Two microlitres of whole-blood RNA (20 ng/μl) were added to previously prepared 4 μl GL-K+ buffer and hold on ice until denaturation. The gmRNA masking and cDNA synthesis was performed in 0.2 ml tubes using common thermocycler. Reaction conditions were following: 95° C. for 30 s as an initial denaturation, 60° C. for 10 min GL hybridization and 42° C. hold for loading of 5 μl RT mixture. The 5 μl RT mixture contained 2 μl nuclease-free water, 0.04 μl 100 μM T30VN (SEQ ID NO: 102), 1.6 μl 3.2 M betaine, 0.5 μl 1 M Tris-HCl (pH 8.0), 0.075 μl 1 M MgCl2, 0.5 μl 100 mM DTT, 0.18 μl RiboLock RNase Inhibitor, and 0.13 μl RevertAid Premium Transcriptase. The concentrations were calculated for final RT volume in 10 μl, counting previous ingredients from GL-K+ buffer. Cycling parameters continued at 42° C. for 60 min RT reaction and 85° C. for 5 min for RT inactivation. Quantitative PCR was conducted using HOT FIREPol EvaGreen qPCR Mix Plus (ROX) with 7500 Fast Real-Time PCR instrument (Applied Biosystems) according to instructions where 200 nM primers (SEQ ID NO: 23-26) and 1 μl of template (cDNA) was used in 20 μl reaction volume. The primers were designed by Primer3 v4.0.0 software [10]. Specific product formation was ensured by performing a melt curve analysis to samples during real-time PCR program. Also, we run a conventional PCR for all globin primers and applied products on 2% TAE buffered agarose gel electrophoresis. All samples were additionally run with 10× diluted cDNA to enable quantification. Thermal program conditions were as follows: 95° C. for 15 min activation and then 30 cycles of 95° C. 15 s, 62° C. 20 s, 72° C. 30 s (at the end of which the fluorescence was measured). The qPCR data was analyzed using 7500 Software v2.0.5 (Applied Biosystems).

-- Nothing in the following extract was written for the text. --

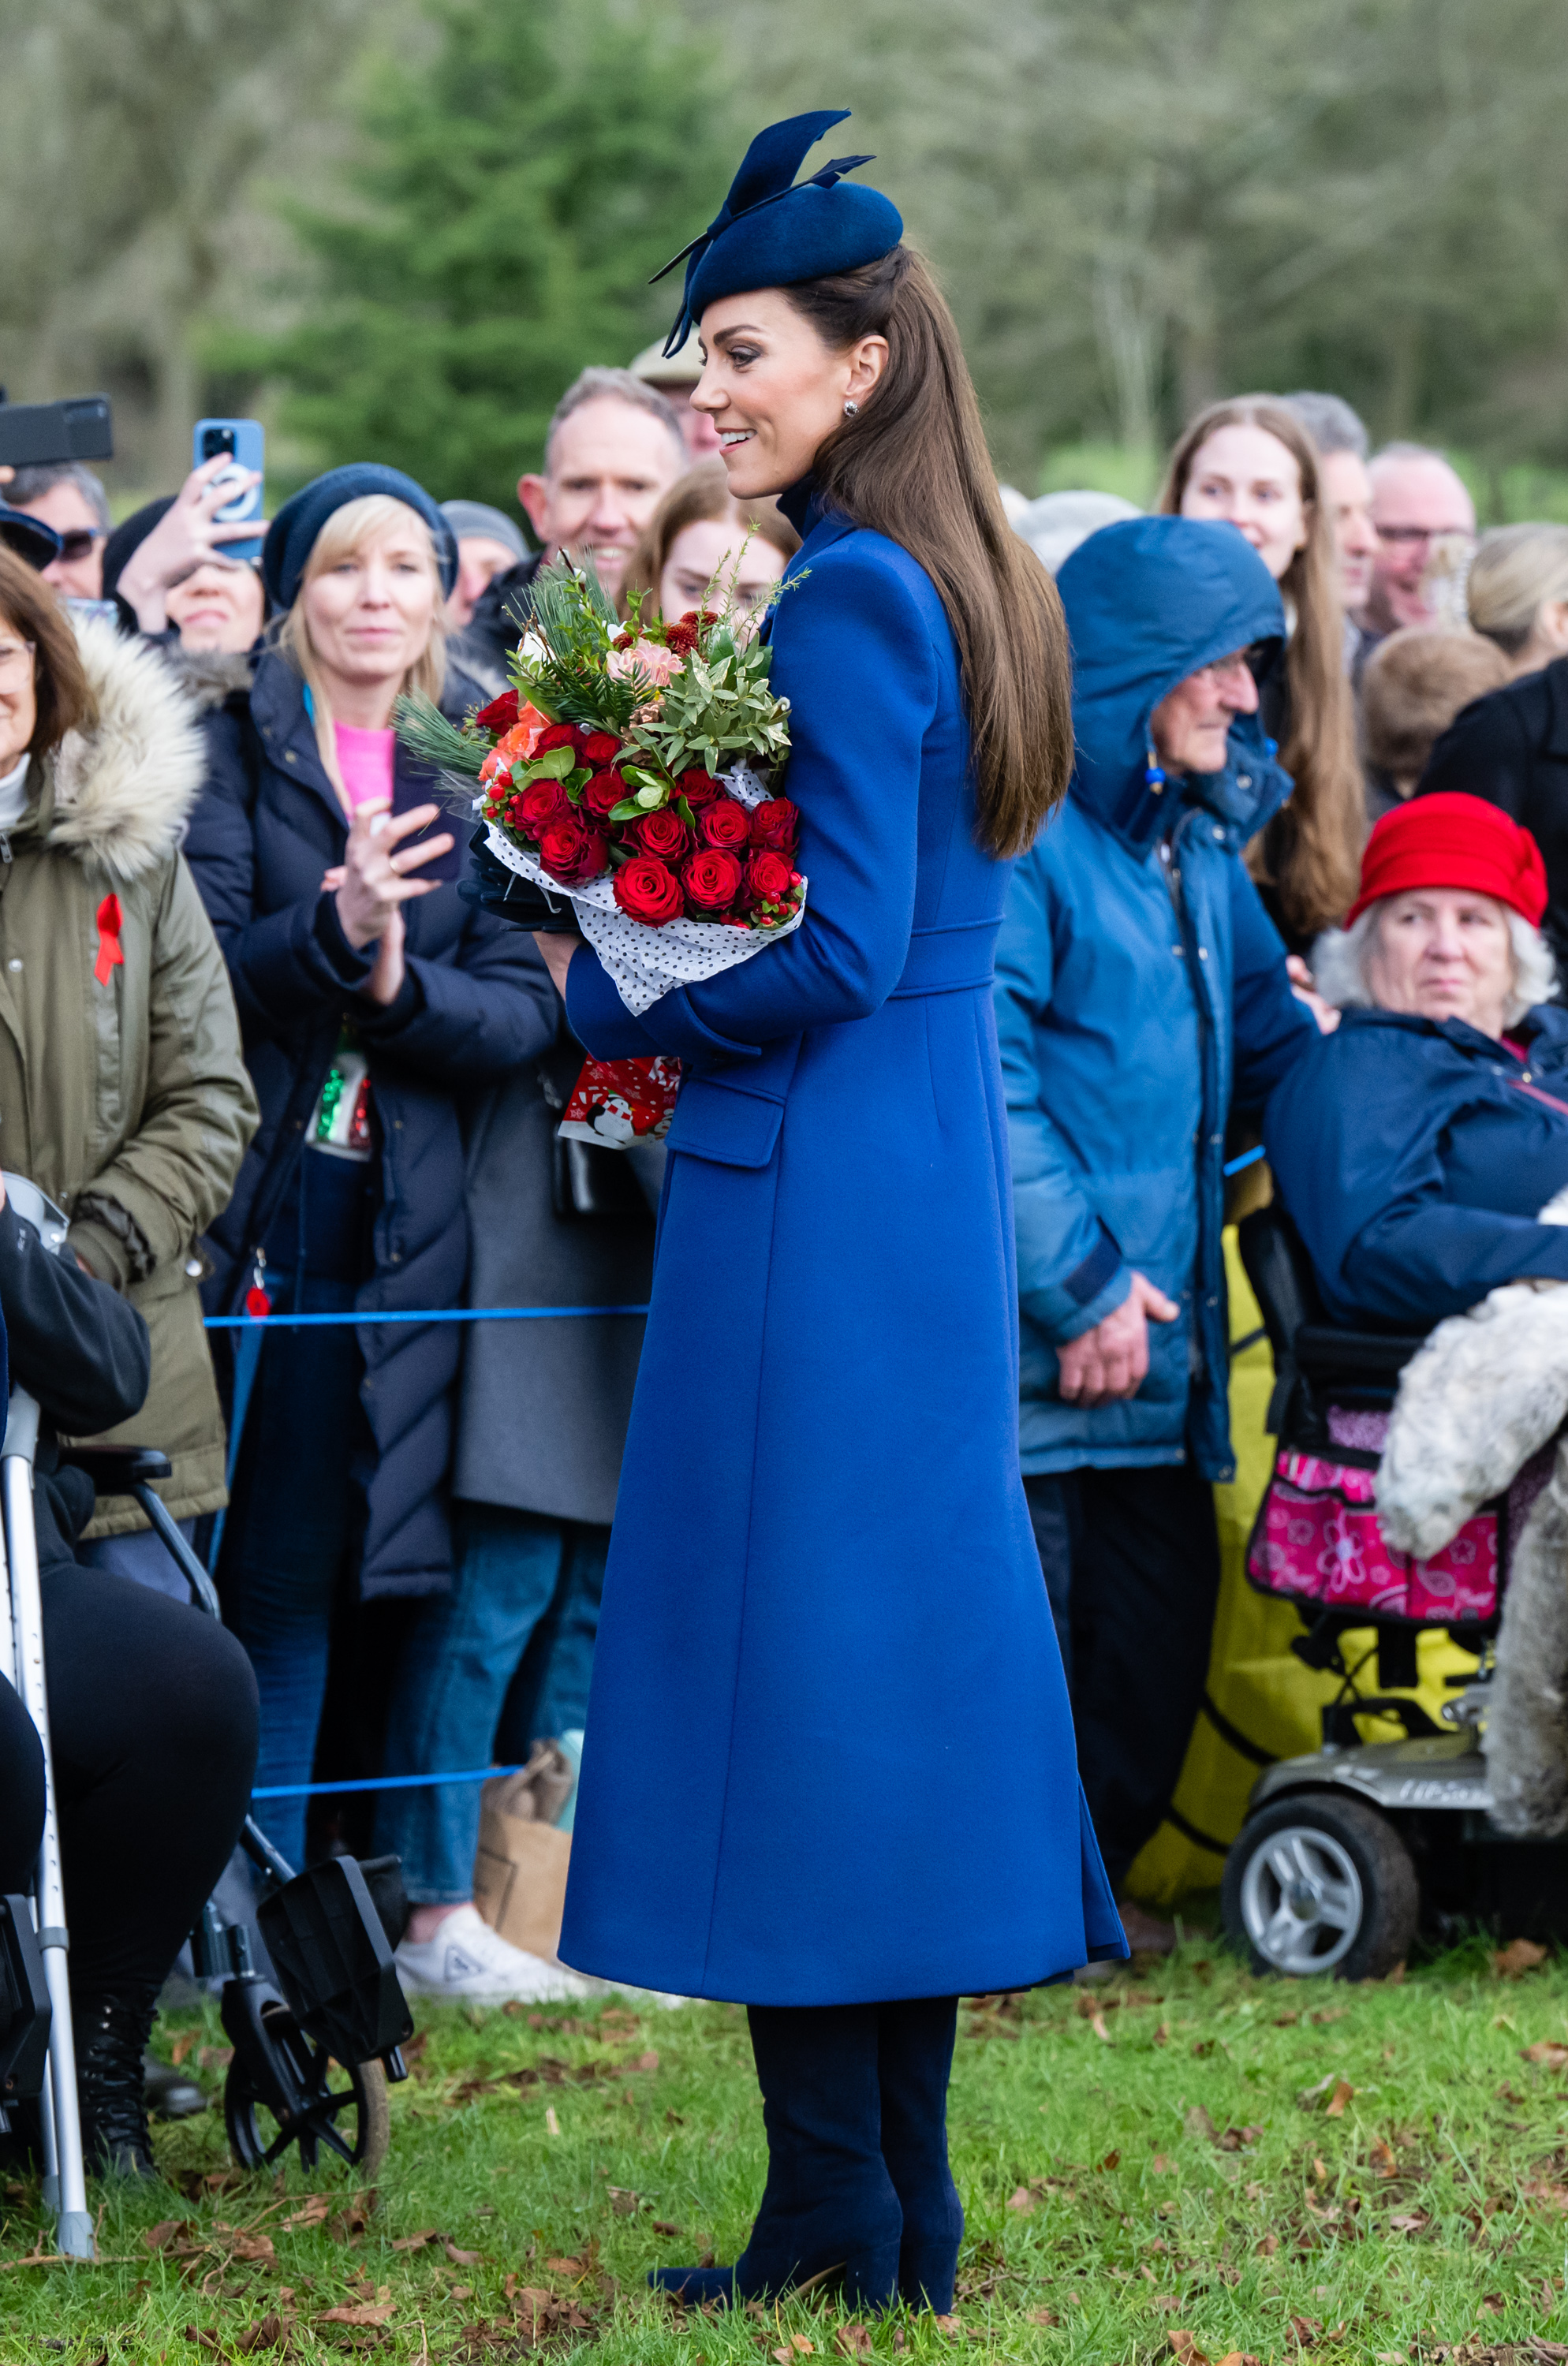 Catherine, Prinzessin von Wales, grüßt die Menge, während sie einen Rosenstrauß auf dem Weg zum Weihnachtsgottesdienst in der St. Mary Magdalene Church am 25. Dezember 2023 in Sandringham, Norfolk trägt | Quelle: Getty Images

This experiment was conducted as described in Example 4 but with difference of using human globin alpha blocking oligonucleotides of different lengths of the poly-A complementary sequence (SEQ ID NO: 169-173).

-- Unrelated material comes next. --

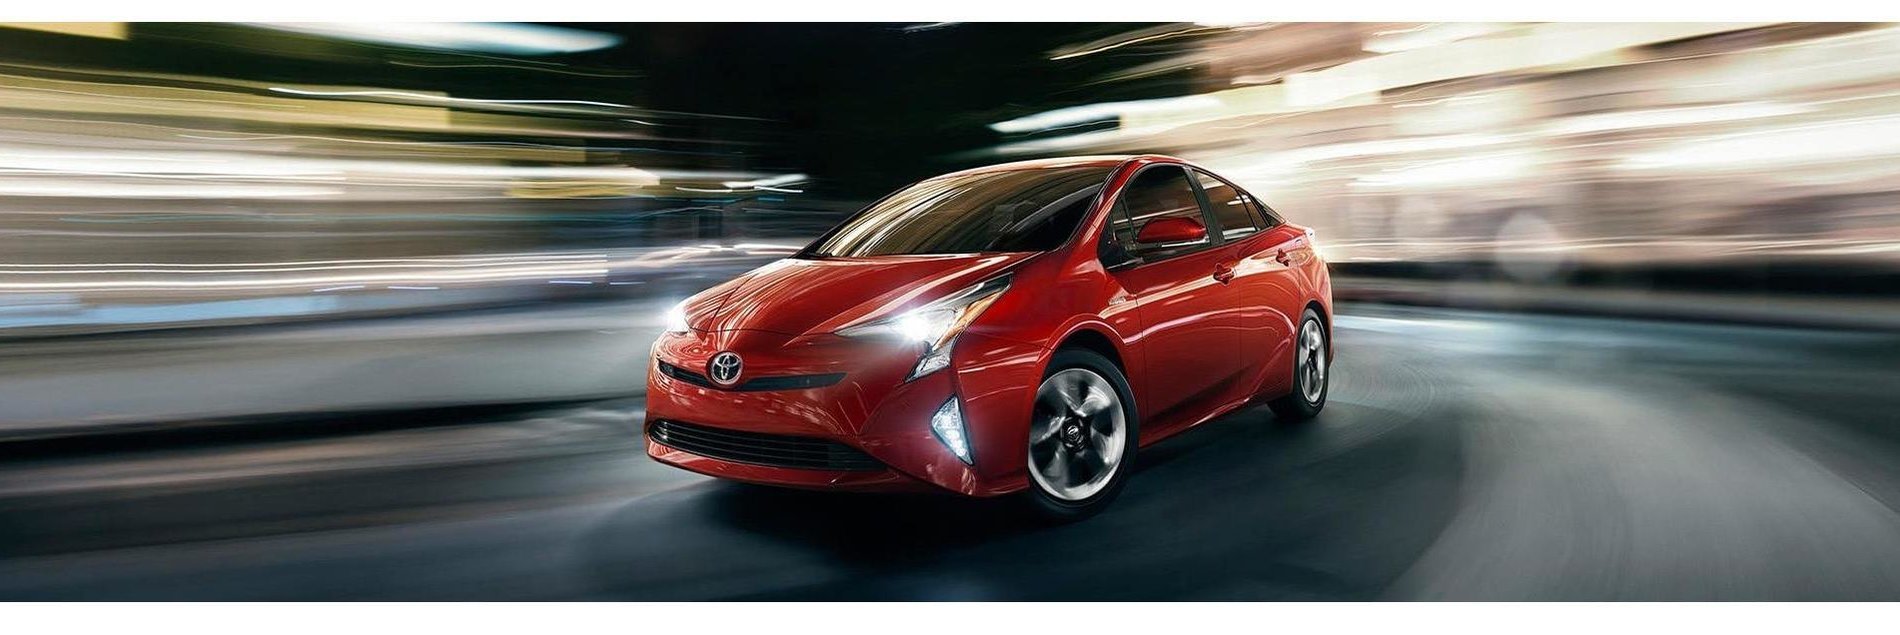 У будущего есть правильный ответ: Toyota начинает прием заказов на новый Prius в России
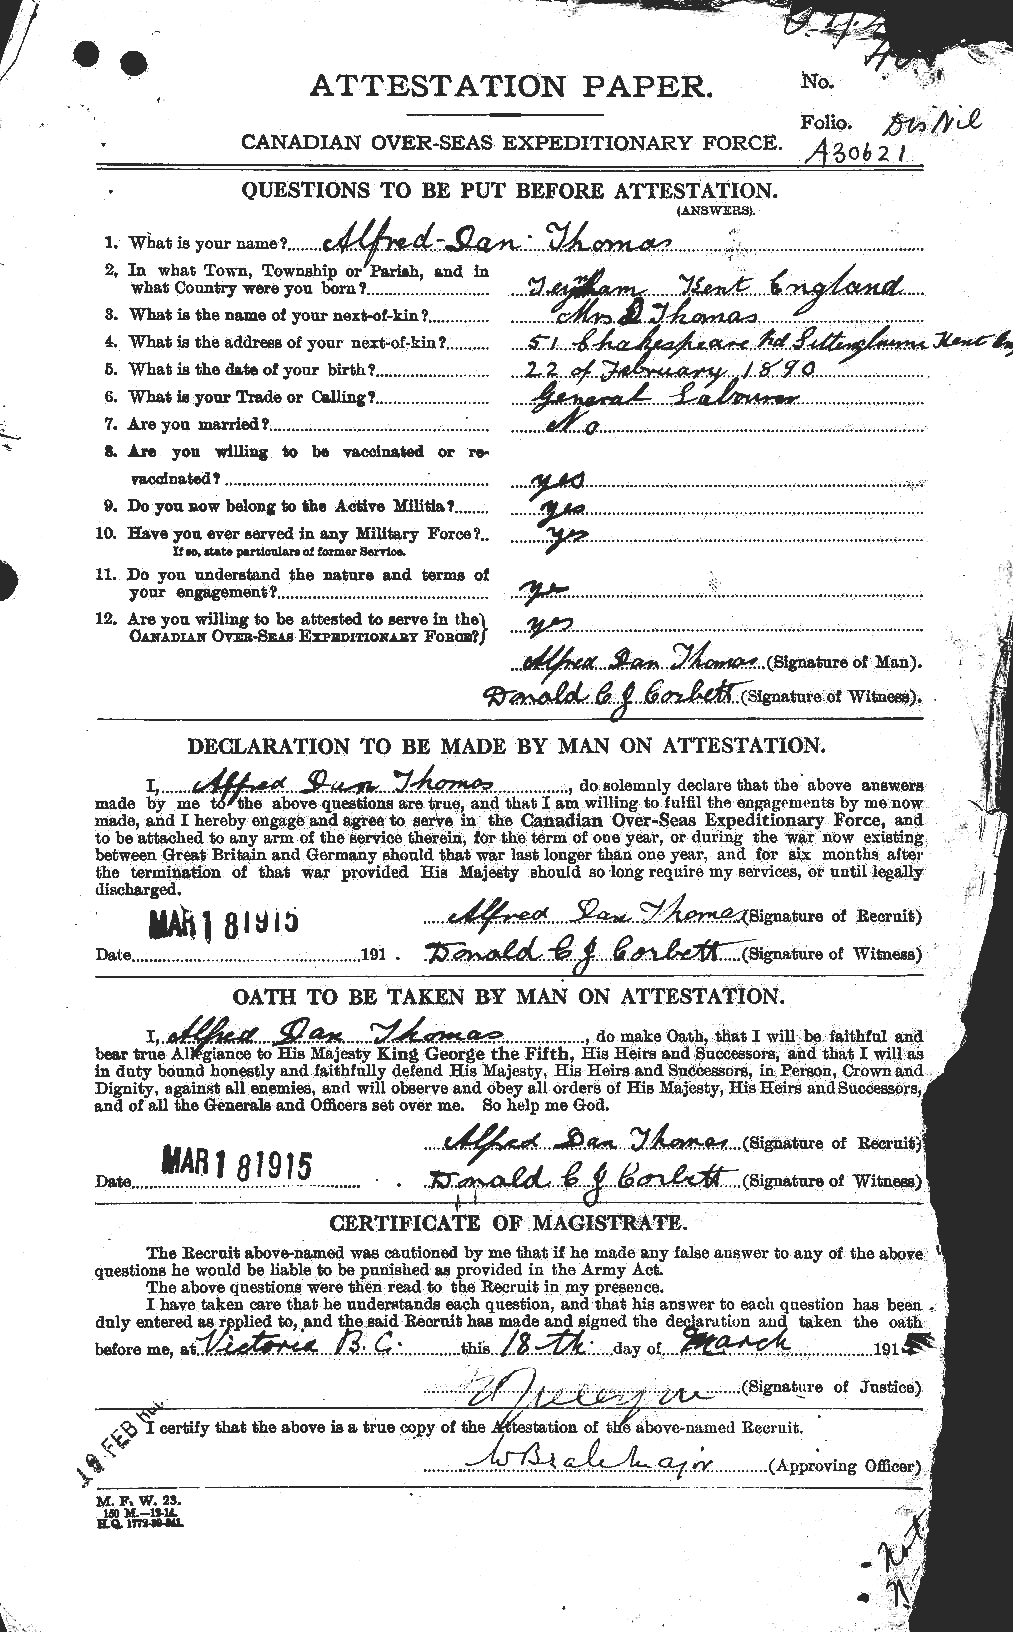 Dossiers du Personnel de la Première Guerre mondiale - CEC 631315a

Different length of poly-T stretches were used to demonstrate the critical blocking region at gmRNA UTR and poly-A region. Most right-hand oligonucleotide GL+(SEQ ID NO: 84) has 15 nt poly-T region (T-15), which provides the maximum cycle threshold value (17.8) and highest blocking efficiency. The similar efficiency is achieved by 4-T nucleotides (SEQ ID NO: 169) but decreases with T-2 (SEQ ID NO: 170) and without any T nucleotide (SEQ ID NO: 171). If the 5′ end of the blocking oligonucleotide (SEQ ID NO: 172, 173) is located two or four nucleotides downstream of the poly-A tail, there is lack of blocking effect, providing similar cycle threshold value as the negative control (GL−).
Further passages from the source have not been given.